На берегу им останется только пить горькую, лузгать подсолнух и скучно ждать смерти.

Это непревзойденный спектакль.

Вот к ровным кулисам невидимые служители подвели лодку...

 

Парни легко управляются с ходом суденышка по створу. От бакена к бакену или по свободному, видимому только рулевому рисунку свеженамытого дна, выворачивая ход иногда чуть ли не в обратную сторону. Русло все время меняется, и легкая наглая бравость моториста, капитана и матросов вполне оправданы. Они постоянно прикуривают друг у друга. Будто их папиросы гаснут на ярком свету. Кажется, что на всю команду у них всего один коробок спичек. И самый частый жест, которым они обмениваются, — нежный захват и робкая передача толики пламени из ладони в ладонь, из горсти в горсть.

 

Лихой грузовик тащит над собой высокий султан пыли. Как наперегонки. Тоже только для того, чтобы подчеркнуть прямую линию берега. Апогей неизменности.

 

Люди, едущие с нами, — невероятно далекие, как в кино, почти недостижимые. Выразительные и словно стертые, всякие. Есть очень красивые, но какие-то подозрительные — из искусственного нелюдского вещества. Как этот парень, стоящий метрах в пяти, прекрасного облика, не подозревающий о самом себе ничего. Он нас не ви-дит. Он эманировал безупречным телом в пустоту дня, как в пучину, совсем не растрачивая себя. На нем только одни подвернутые штаны. Пачка сигарет за поясом. Все. Неужели он проиграл рубаху? Пропил сандалии? Он мог бы играть за деньги напоказ в русские игры — в бабки, свайку, городки, сияя нестыдной голизной, не изнуряя ни себя, ни соглядатая. Казалось, опершись о борт, глядя в даль, он что-то ждал и уже изнемог от одиночества.
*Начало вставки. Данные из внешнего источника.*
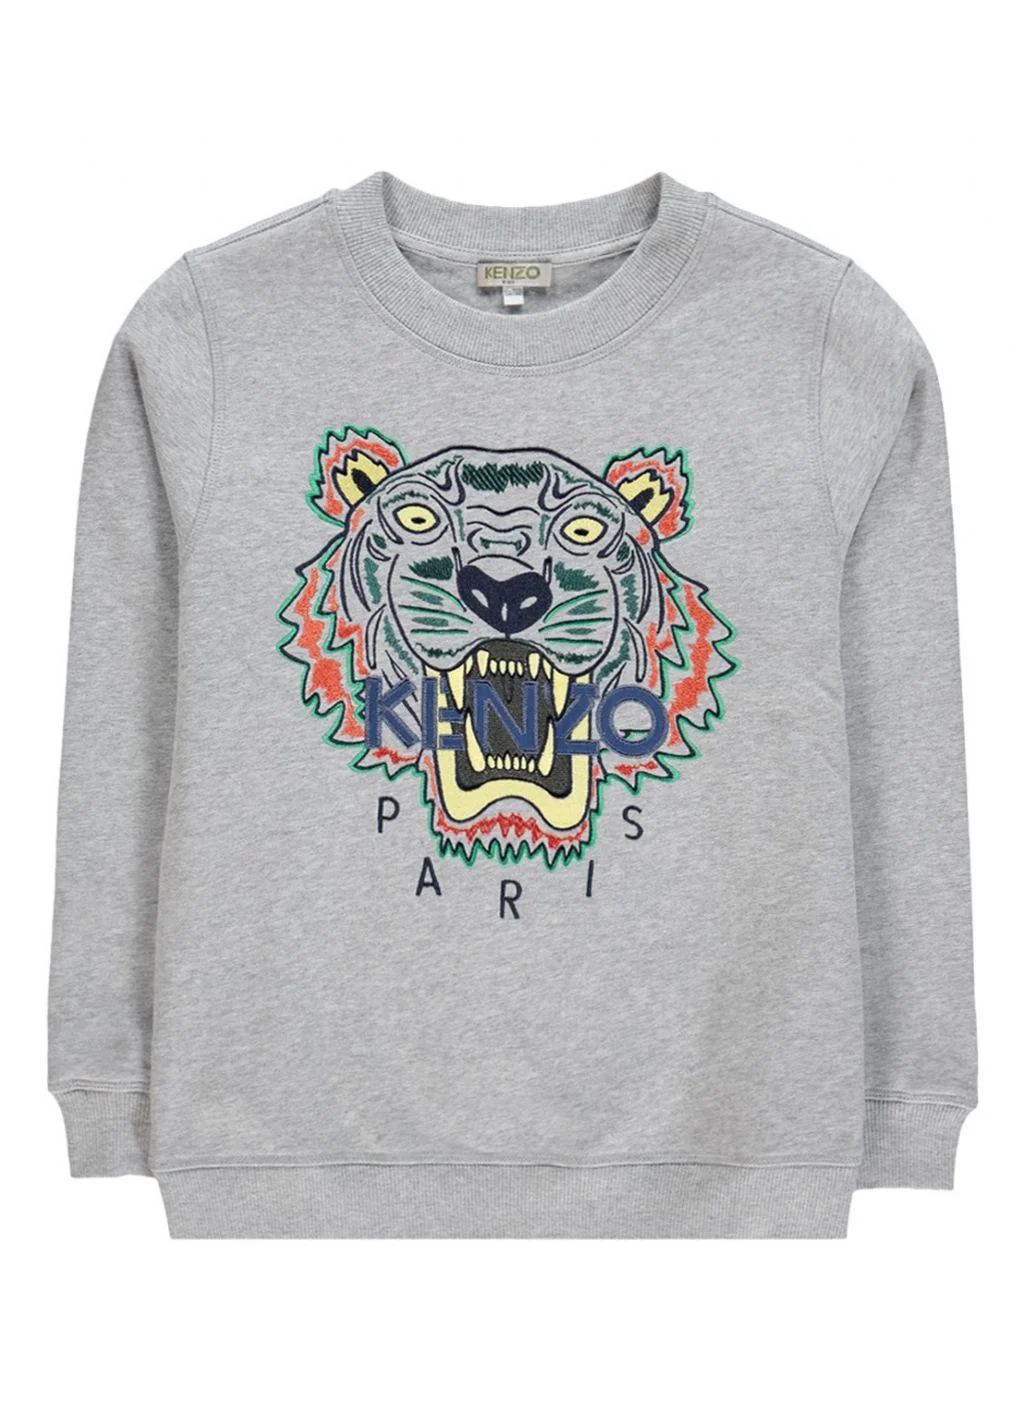 Zee Verfrissend liefdadigheid Mode Musthaves | De Kenzo look-a-like sweater van Wibra!

Он пребывал настолько во внешнем однообразии, что мог бы оказаться глухонемым, вообще не иметь никакой психической структуры. Как изваяние, неотъемлемое от забранного сеткой невысокого борта, от образа ожидания, которому он служил аллегорией. И если бы в него ударила молния — он бы рассыпался в восхитительное крошево. В иных связях представить его было невозможно. В этой статуарности не было ничего косного, он неукоснительно занимал место, отведенное только ему в жерле этого дня, не имеющего конца. Давал свободно читать себя как воплощенное единство — времени, простертого в эту даль, не принадлежащего никому, и теплого ветра, удостоверяющего, что мы все-таки есть и разделены, и любовь глубже эпидермы не проникнет.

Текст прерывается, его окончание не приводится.